▶ _Exercise description_
The required output is the exact run of lines below that opens at the line with "Statistiques tennis de" and closes at the line with "Уровень тестостерона при менопаузе".

▶ _Input material_
========

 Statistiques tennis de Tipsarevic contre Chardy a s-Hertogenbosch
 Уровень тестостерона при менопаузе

========

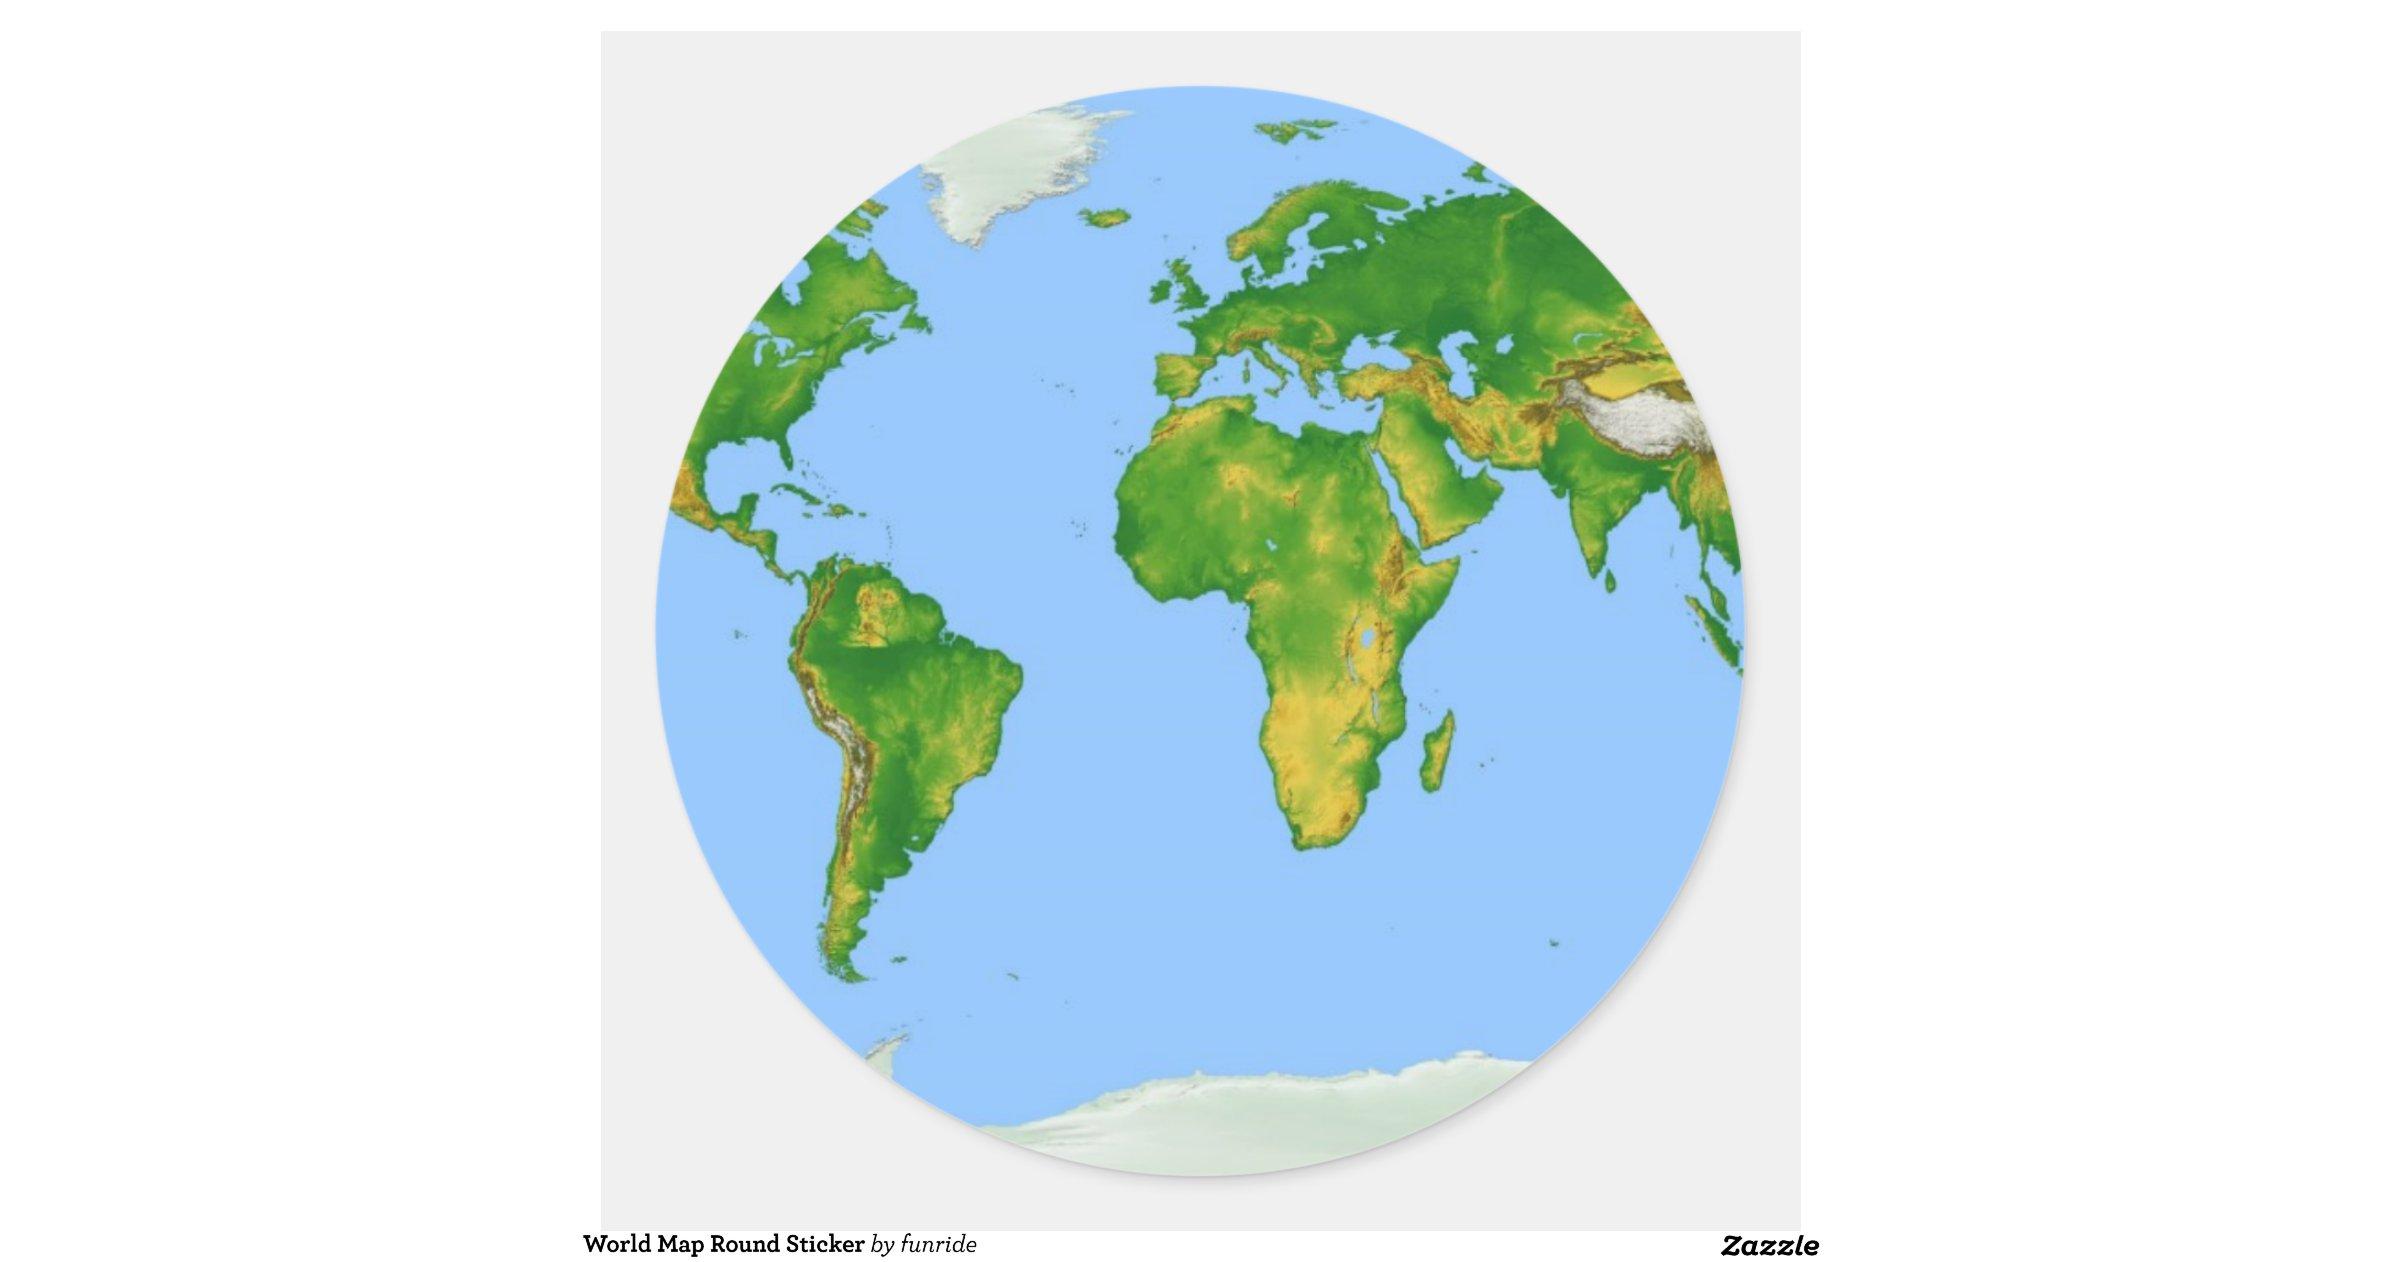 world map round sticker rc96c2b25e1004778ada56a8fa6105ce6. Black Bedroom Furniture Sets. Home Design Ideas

========

▶ _Solution to this problem_
 Statistiques tennis de Tipsarevic contre Chardy a s-Hertogenbosch
 Уровень тестостерона при менопаузе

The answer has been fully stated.